Etat dépressif d’un salarié : la négligence ou l'inertie de l'employeur relève de la faute inexcusable

Posté le 8 juillet 2014 | Dernière mise à jour le 13 mars 2020

La Cour de cassation enfonce le clou : un employeur peut être condamné pour faute inexcusable lorsqu’il a provoqué et/ou négligé l’état dépressif d’un salarié.

Un cadre de la société Renault a été retrouvé mort noyé dans un plan d’eau situé sur un terrain appartenant à l’employeur. L’enquête démontre que ce suicide était relié à des problèmes professionnels. En effet, sur son avant-dernier poste, le cadre en question avait été affecté à un poste pour lequel il n’avait pas les connaissances requises sans que l’employeur se préoccupe de lui donner la formation nécessaire. Cette situation avait créé chez l’intéressé un profond désarroi se traduisant par des échanges de courriels avec les membres de son équipe et son supérieur hiérarchique dans lesquels il avait sollicité, en vain, l’aide nécessaire pour effectuer les missions confiées dans les délais impartis.

L’abandon dans lequel il avait été laissé avait entraîné l’hospitalisation de ce cadre pendant quinze jours pour des troubles dépressifs sévères. Il avait même dû, un soir, faire appel aux services de police afin d’éviter de mettre sa vie en danger. À son retour, il fut convoqué par le médecin du travail qui recommanda un changement d’affectation, préconisation qui ne fut suivie que quelques mois plus tard.

La Cour de cassation condamne l’employeur pour faute inexcusable car il « avait ou aurait dû avoir conscience du danger auquel son salarié était exposé et qu’il n’avait pas pris de mesures suffisantes pour l’en préserver. »
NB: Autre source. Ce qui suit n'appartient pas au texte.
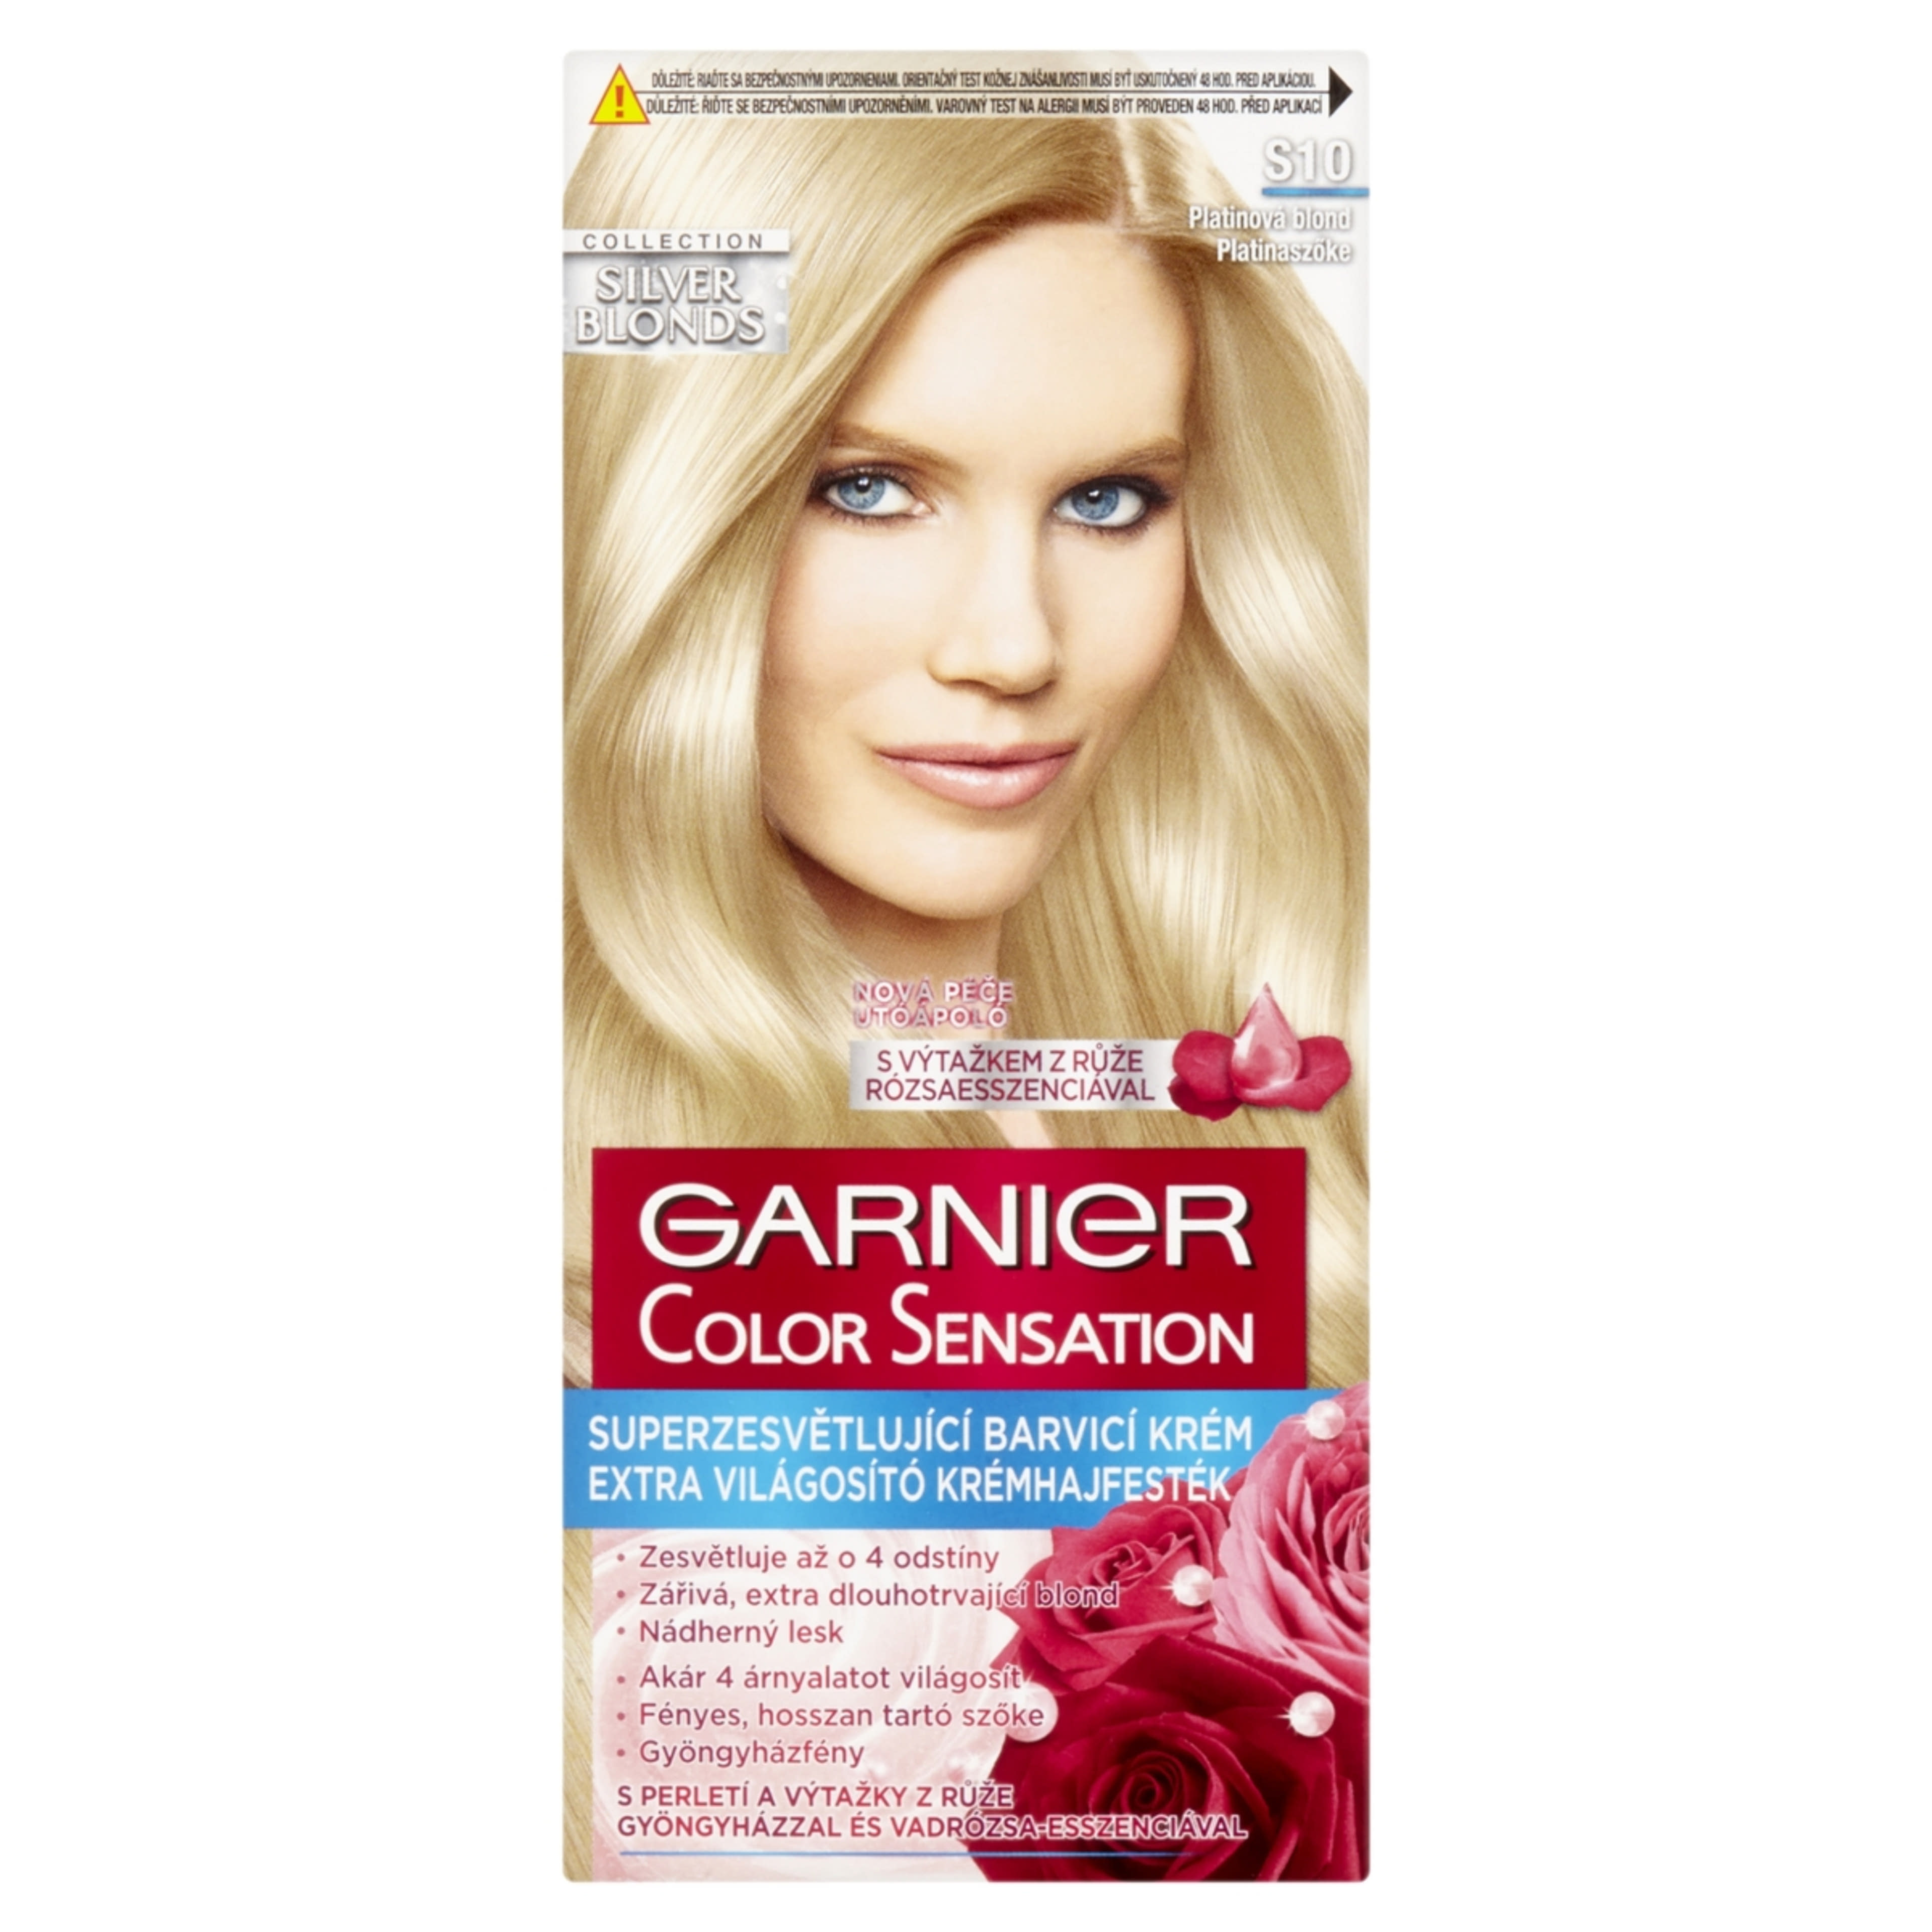 Garnier Color Sensation hajfesték S10 Platinaszőke - 1 db

La société Renault a déjà été condamnée pour faute inexcusable à la suite d’un suicide d’un salarié, notamment parce que l’employeur n’avait pas alerté le médecin du travail (TASS Nanterre, 17 déc. 2009). Cette fois-ci, il est reproché à la direction d’avoir tardé à tenir compte de l’avis médical. À cette négligence s’ajoute le fait d’avoir provoqué l’état dépressif en mettant le salarié en situation d’échec.

L’affaire est analysée du point de vue de la législation de sécurité sociale, la 2ème chambre civile ne fait donc pas état d’un manquement à l’obligation de sécurité de résultat, comme l’aurait certainement fait la Chambre sociale. Mais ce manquement transparaît en filigrane dans la décision de la 2ème chambre civile. En effet, le cadre en question s’étant suicidé plus de quatre mois après son changement d’affectation, l’employeur avait plaidé que la conscience du danger qu’il aurait dû avoir et le caractère suffisant des mesures prises pour préserver le salarié doivent s’apprécier à la date de la survenance de l’accident du travail. Cette thèse n’a pas été retenue, seul compte le lien de causalité entre l’attitude de l’employeur et l’accident. Une réaction tardive n’est suffisante ni au regard du droit du travail, ni au regard du droit de la sécurité sociale.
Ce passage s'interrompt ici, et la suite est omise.